6. Select **Venv** and choose **Python 3.10**
7. **Uncheck** "Install dependencies from requirements.txt" (we'll do this manually)
8. Click **OK**

### Install Dependencies

1. Open a new terminal: **Terminal → New Terminal**
2. Verify your virtual environment is active (you should see `.venv` in the prompt):
   ```
   (.venv) F:\your_project_path>
   ```

3. Install dependencies using uv (faster) or pip:
   ```bash
   # Option 1: Using uv (recommended - faster)
   pip install uv
   uv pip install -r requirements.txt
   
   # Option 2: Using pip
   pip install -r requirements.txt
   ```
   This should take 30 seconds to 1 minute depending on your system.

---

## 2. API Configuration

### Create .env File

Create a `.env` file in the root directory with the following content:

```text
OPENAI_API_KEY="sk-proj-YOUR_API_KEY"
GROQ_API_KEY="YOUR_GROQ_API_KEY"
```

### Get API Keys

1. **OpenAI API Key:**
   - Sign up at [OpenAI Platform](https://platform.openai.com/api-keys)
   - Add $5 credit (should last 1-2 months for typical usage)
   - Copy your API key to the `.env` file
   
   > **Note:** You can customize this to use a local AI model if preferred (streaming code doesn't support this yet, but local model support is planned)

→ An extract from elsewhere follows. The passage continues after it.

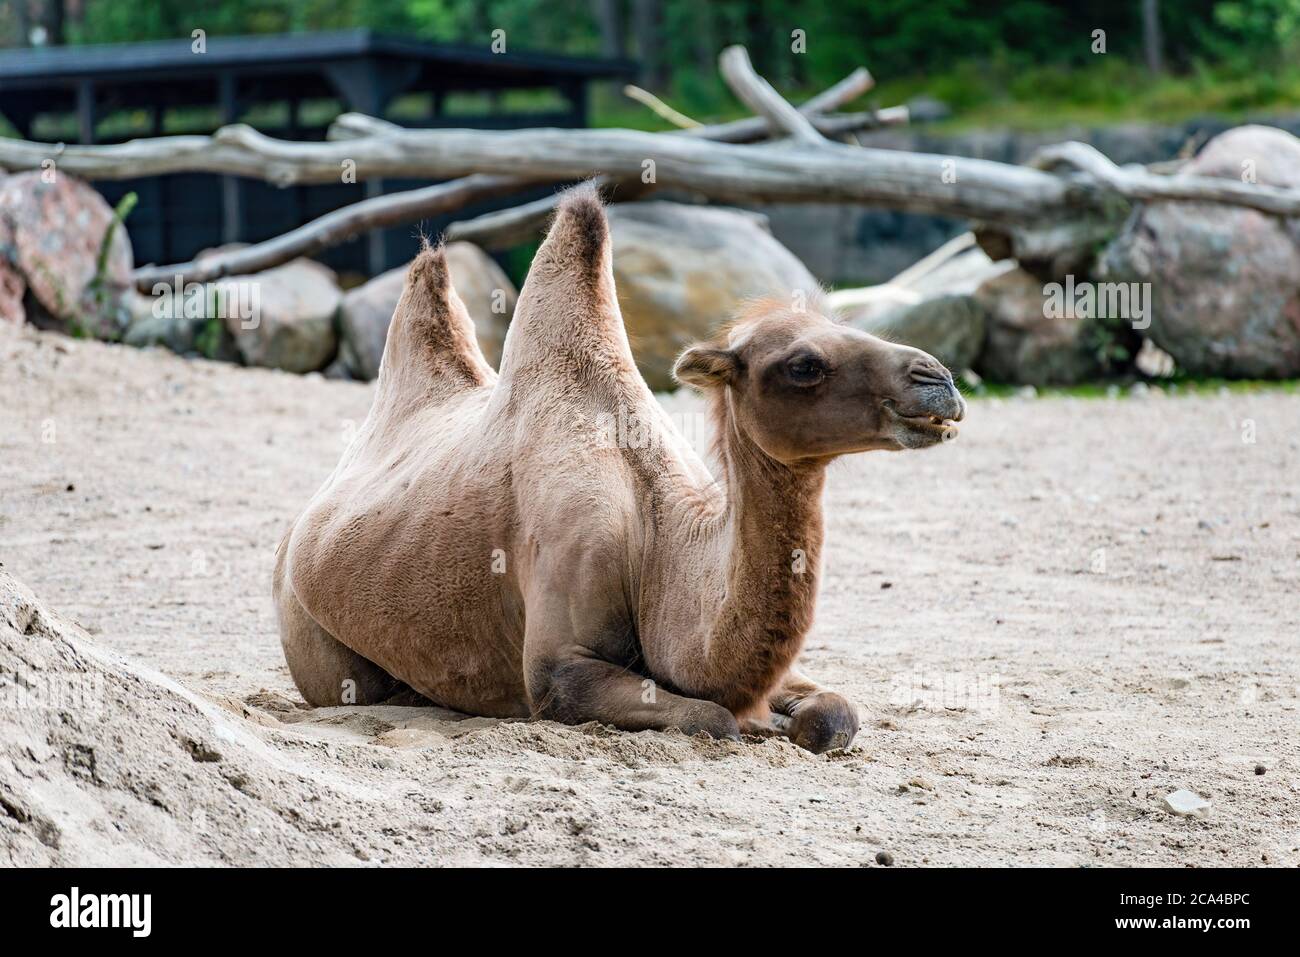 A camel is an even-toed ungulate in the genus Camelus that bears distinctive fatty deposits known as 'humps' on its back. Stock Photo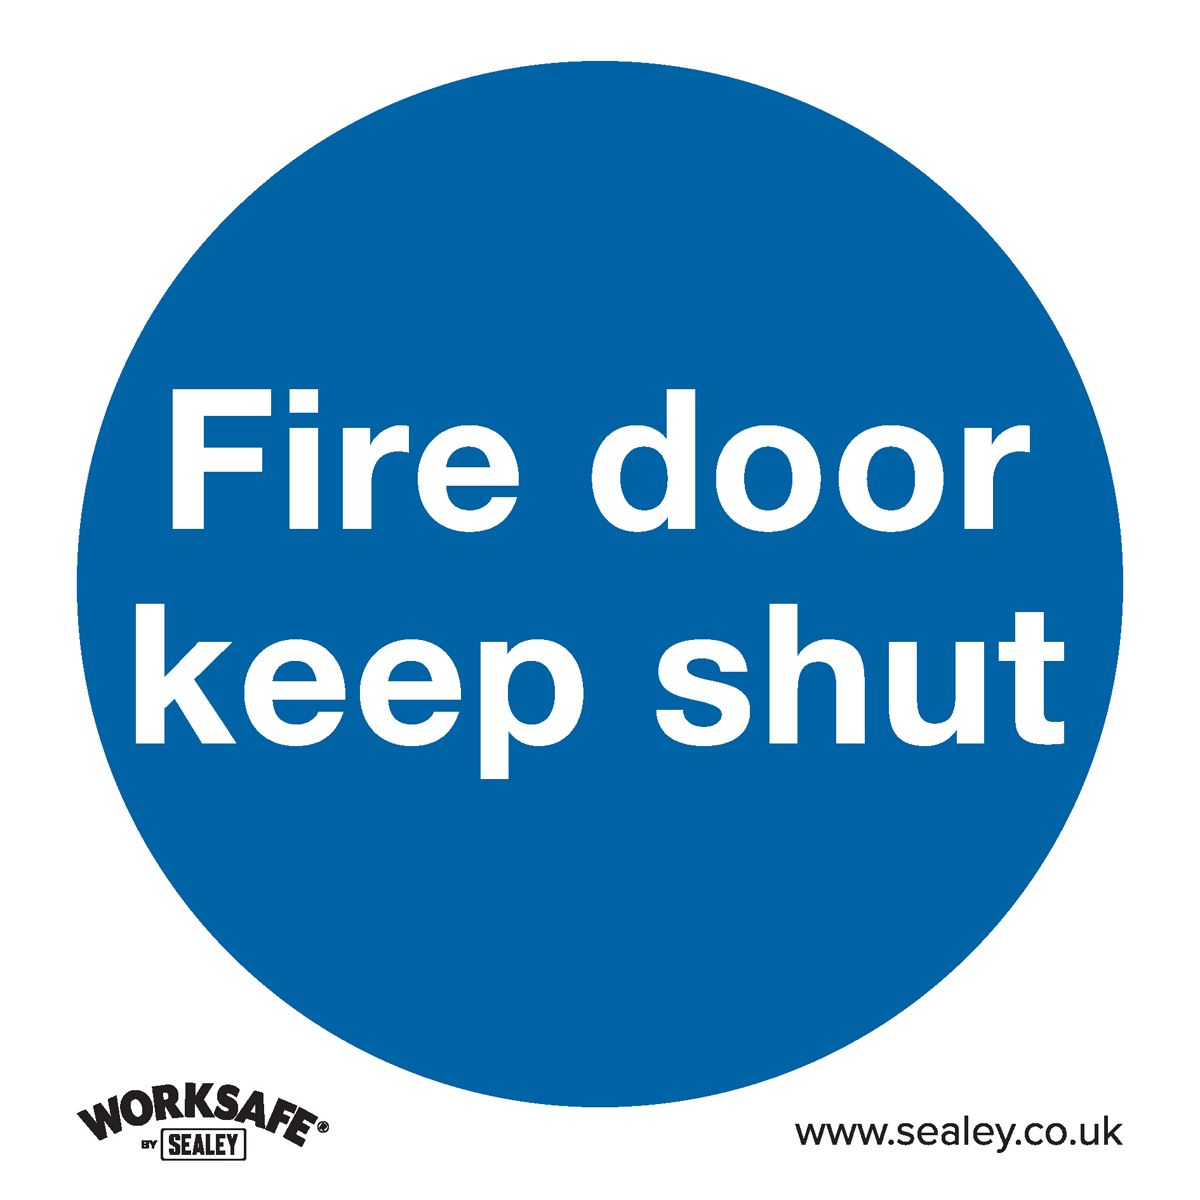 Worksafe by Sealey Mandatory Safety Sign - Fire Door Keep Shut - Self-Adhesive Vinyl - Pack of 10

2. **Groq API Key (Free):**
   - Sign up at [Groq Console](https://console.groq.com/keys)
   - Copy your API key to the `.env` file

---

## 3. Configuration

### Character Configuration

There are two main configuration files:

#### A. `character_config.yaml`
- Set the AI prompt
- Configure ASR (Automatic Speech Recognition) context
- Add reference audio sample (must be 3-10 seconds long)
- Enter the text spoken in the audio file

#### B. `client/config.js`
- Change the 3D model (`VRM_PATH`)
- Adjust mouth audio threshold (`MOUTH_THRESHOLD`)
- Place model files in `client/models/` directory
- Update the filename in config
- **Important:** Model must be in VRM 1.0 format (export setting in VRoid Studio)

This file also holds the **`VR_CONFIG`** block. The most useful knob there is `dollyPosition: [x, y, z]` — if your avatar looks too small (or too far/too close) when you put on the headset, edit `dollyPosition` to move the VR rig. `Y` raises/lowers your virtual eye level, `Z` is distance from the avatar. Other tunables in the same block: `touchRadius` (proximity needed to trigger a touch), `triggerTouchRadius` (extended range while the trigger is held), `touchCooldown`, and haptic intensity.

#### C. `client/scene/roomConfig.js`
Toggles the room/environment around the avatar. `enabled: false` runs with no room (default). Set `enabled: true` and edit `url` / `position` / `rotation` / `scale` to load a GLB. There's a Japanese classroom example pre-filled at the bottom — copy those values over the active block to switch to it. `fixDepth: true` is a workaround for rooms that z-fight.

#### D. `client/scene/objectsConfig.js`
Drops static GLB props into the scene. Each entry needs `name` (unique key the AI can reference), `url` (path under `client/backgrounds/glb/`), and a transform. Two commented-out examples (fish, mattress) show the shape.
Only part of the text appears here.